As always our approach of art is first and only visual. The visual -what we see- must be explicit, must contain a soul, must mean something beyond the composition, beneath the assemblage of colors.

I can tell that the first time I saw Mark Tansey’s huge paintings it’s been a punch in my stomach! I didn’t even know his name before that exhibition at Gagosian/Beverly Hills in 2011. All around on the walls of the gallery were hanged a couple of gigantic (100 inches large) monochrome blue paintings.

That particular blue -ultramarine- automatically echoed to my French eyes with the Klein blue called IKB. But here instead of offering me a solid monochrome blue painting with which I could dream, Mark Tansey was offering narrative scenes with layers and layers of signs and details with which I had to understand their meaning.

In fact, with Tansey, each single square centimeter means something ; it refers to an idea, an economic theory, a philosophy, anything he read and thought about and he wants to give his version or an answer to it.

Land Fall, 2007 Oil on canvas 85 1/2 x 101 1/2 inches (217.2 x 257.8 cm) courtesy Gagosian Gallery

Even more he can refers at the same time on the same painting to ideas with the narrative and add to it a specific form that refers to an iconic painting.

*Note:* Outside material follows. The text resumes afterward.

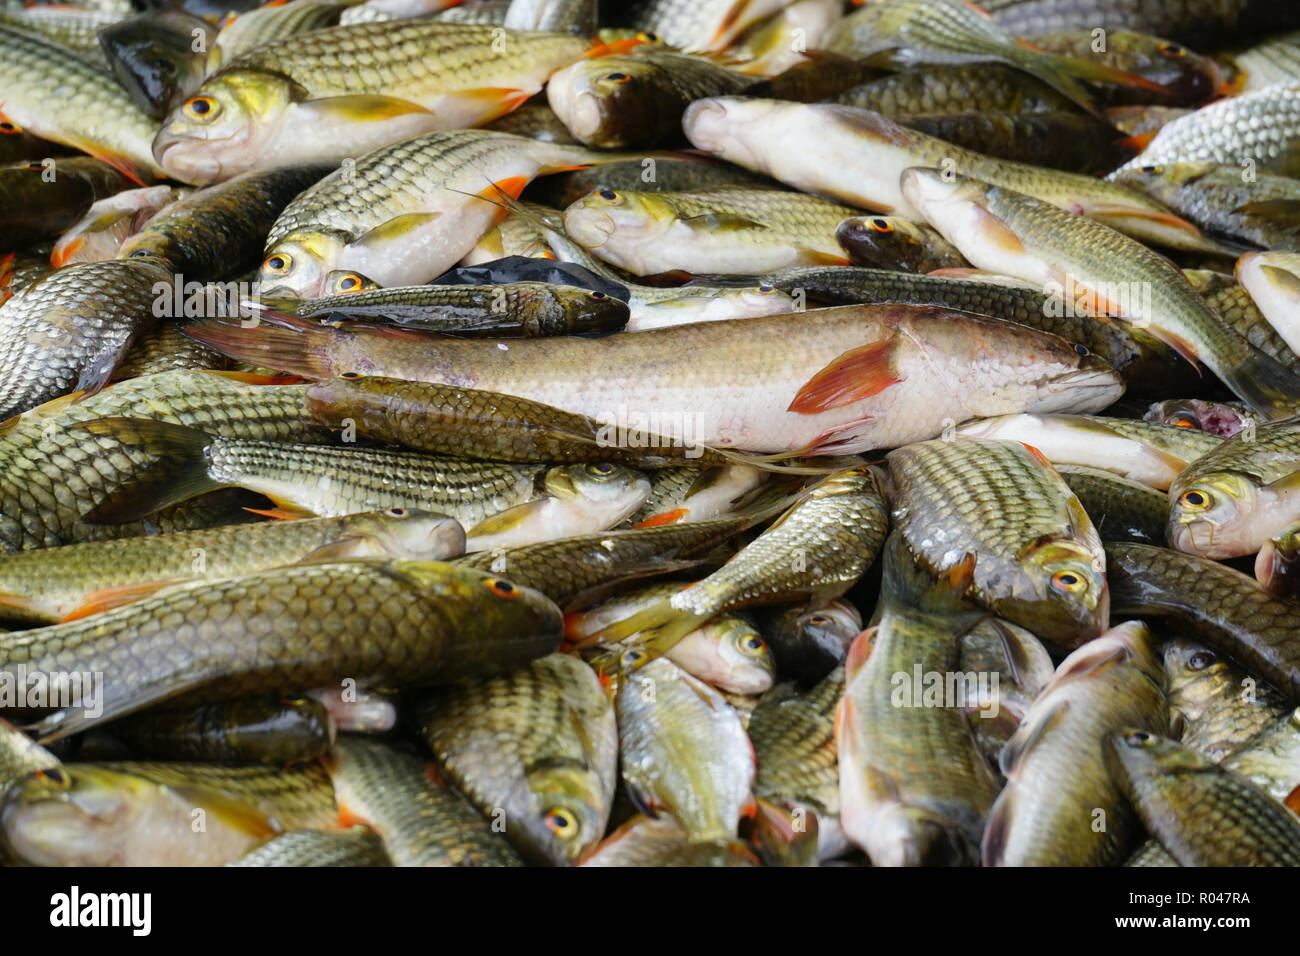 Abundance of Sabah Malaysia Borneo freshwater river fishes at market display. Stock Photo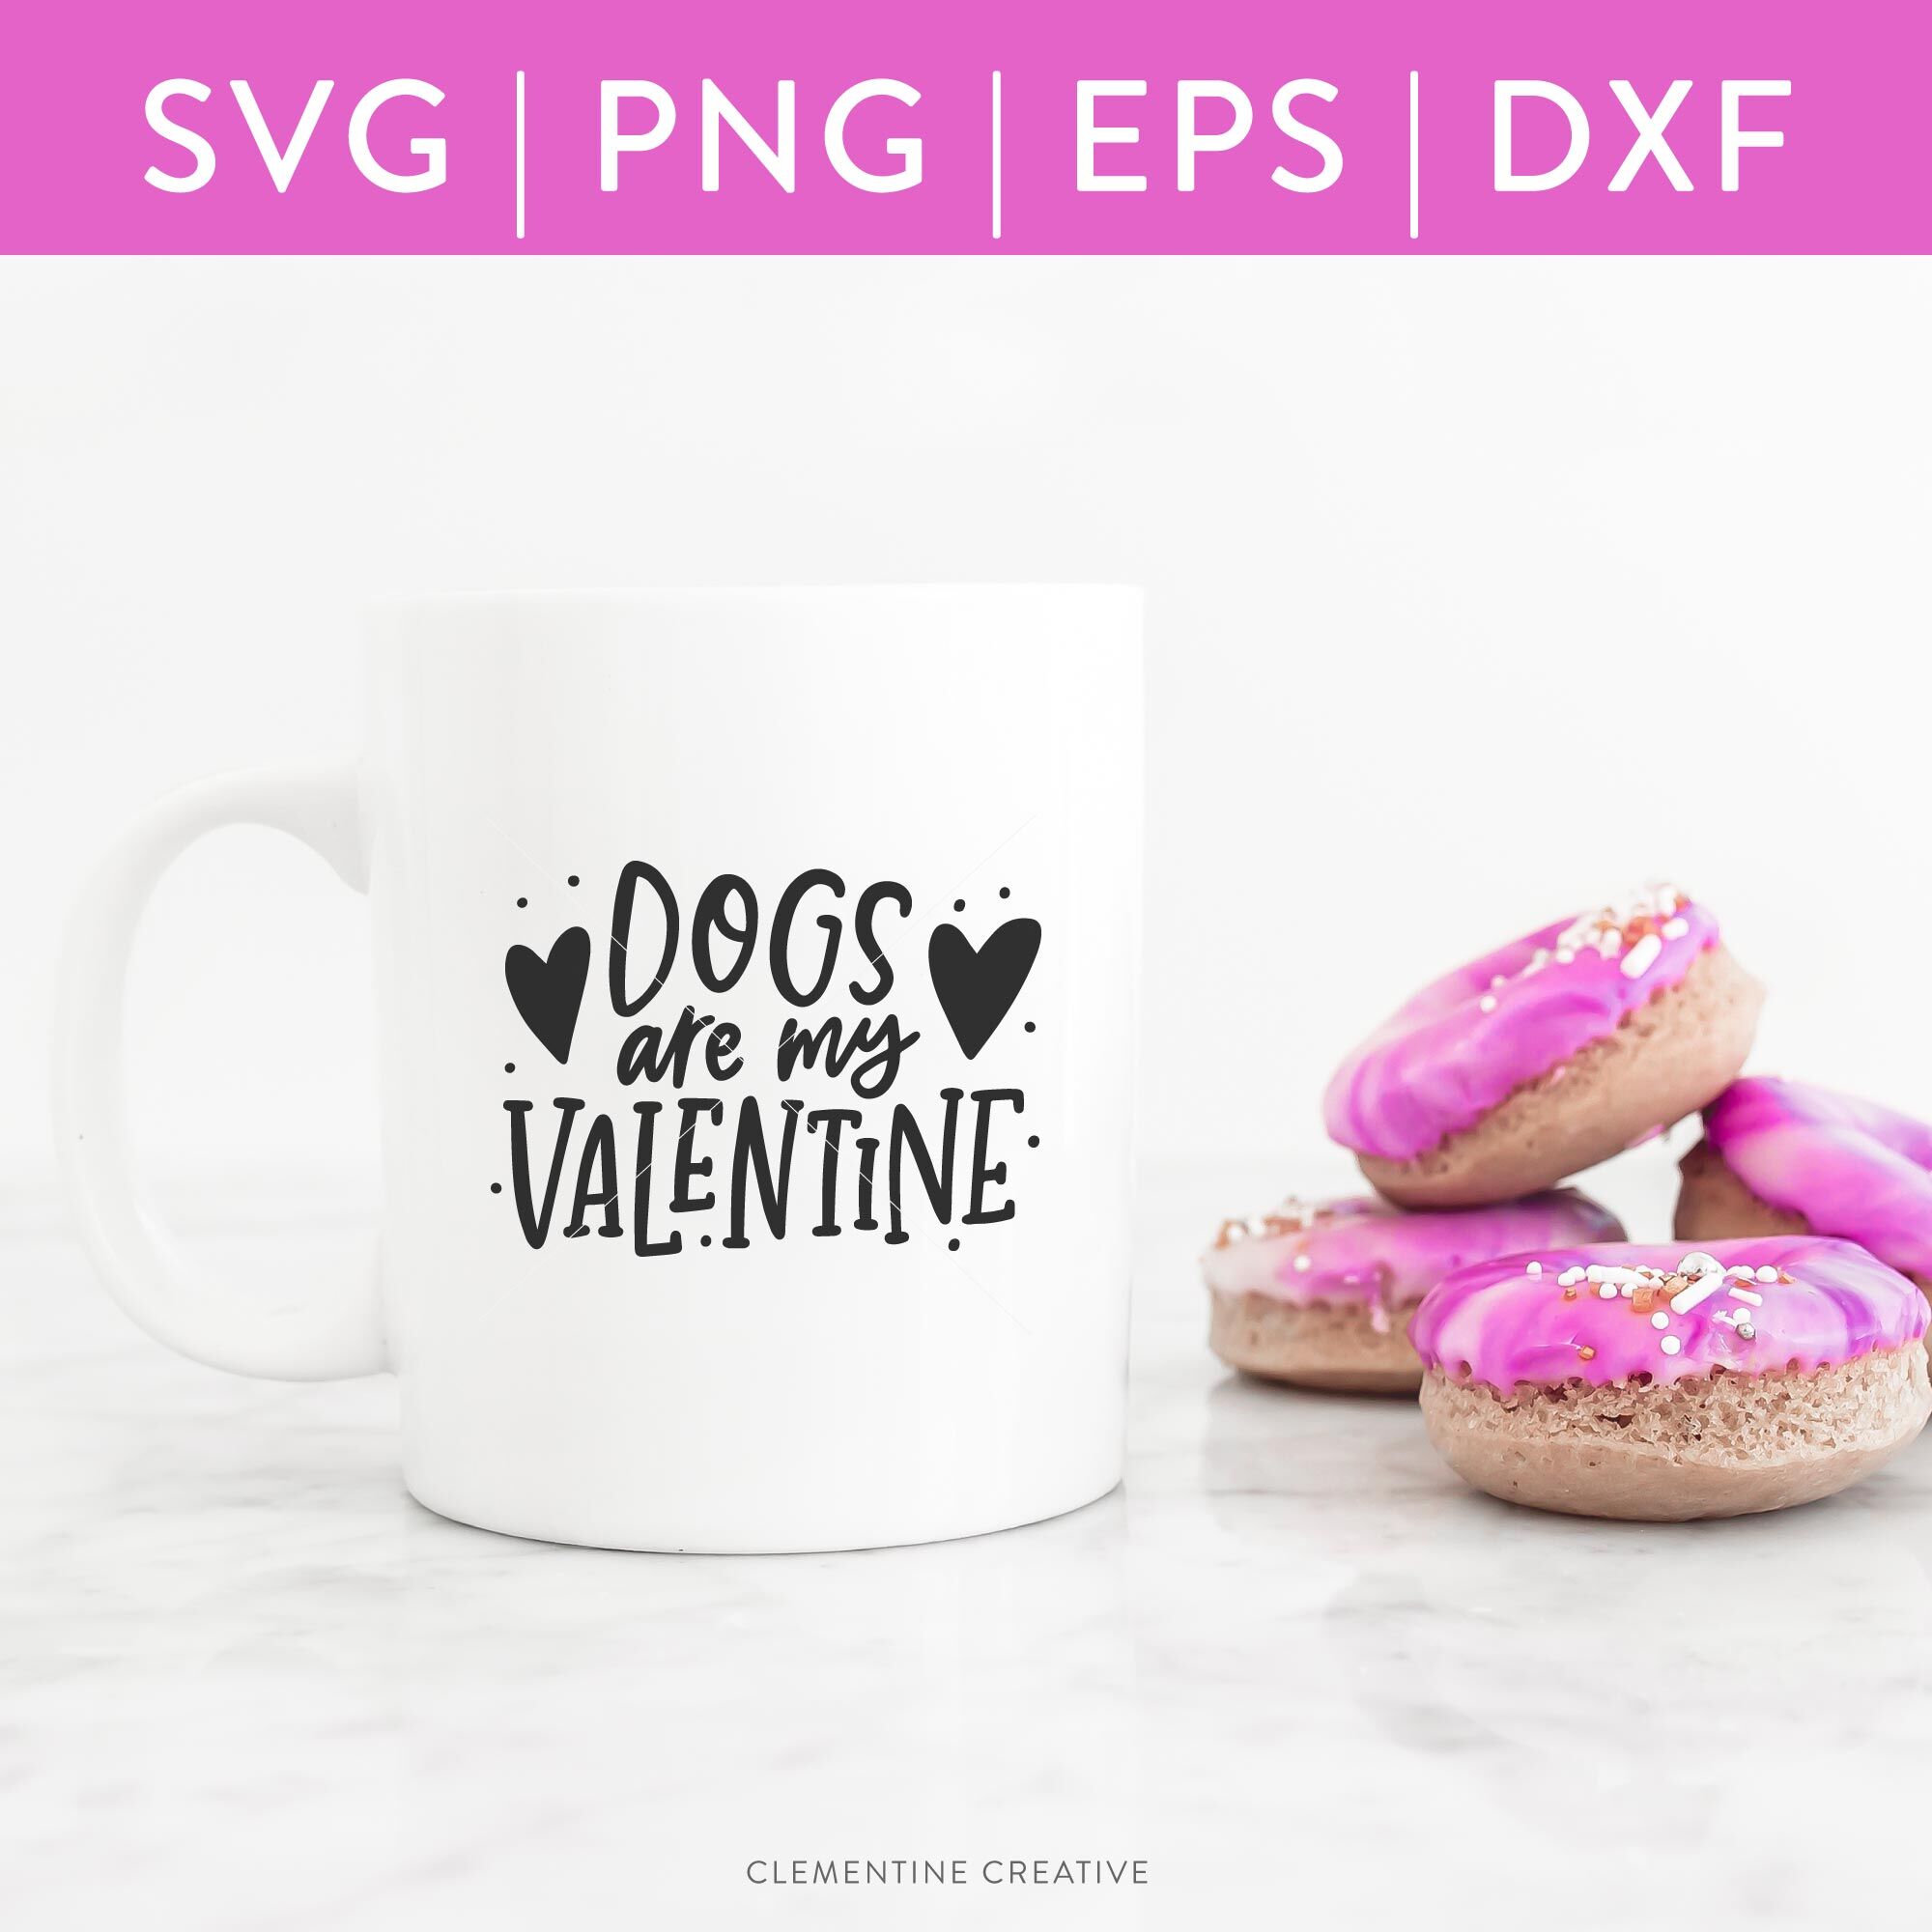 Dogs Are My Valentine SVG | Valentine SVG Cut File | Cricut Cut Files

For example read the explanation of “Mont Ste Victoire” by Art Critic Judy Freeman

mont_sainte-victoire

 

Mount Sainte-Victoire” (1987 -CAT.NO.16)

“the soldiers of poststructuralism and deconstruction—Jean Baudrillard (seated second from left), Barthes (recumbent, lighting a cigarette), and Derrida (standing, removing his overcoat)—disrobe in the shadow of Cézanne’s mountain. Shedding their uniforms, they are transformed in their reflections into women. The men on the shore (at left) are flanked by the arching trees of Cézanne’s 1906 Bathers. All appear engulfed in the mucky depths of Plato’s cave. Aided by Derrida’s 1978 book Spurs: Nietzsche’s Styles, Tansey explores the nature of representation through the study of transformation.” These are…”optimistically suggestive of the possibilities other than those suggested by Greenberg and his cohorts.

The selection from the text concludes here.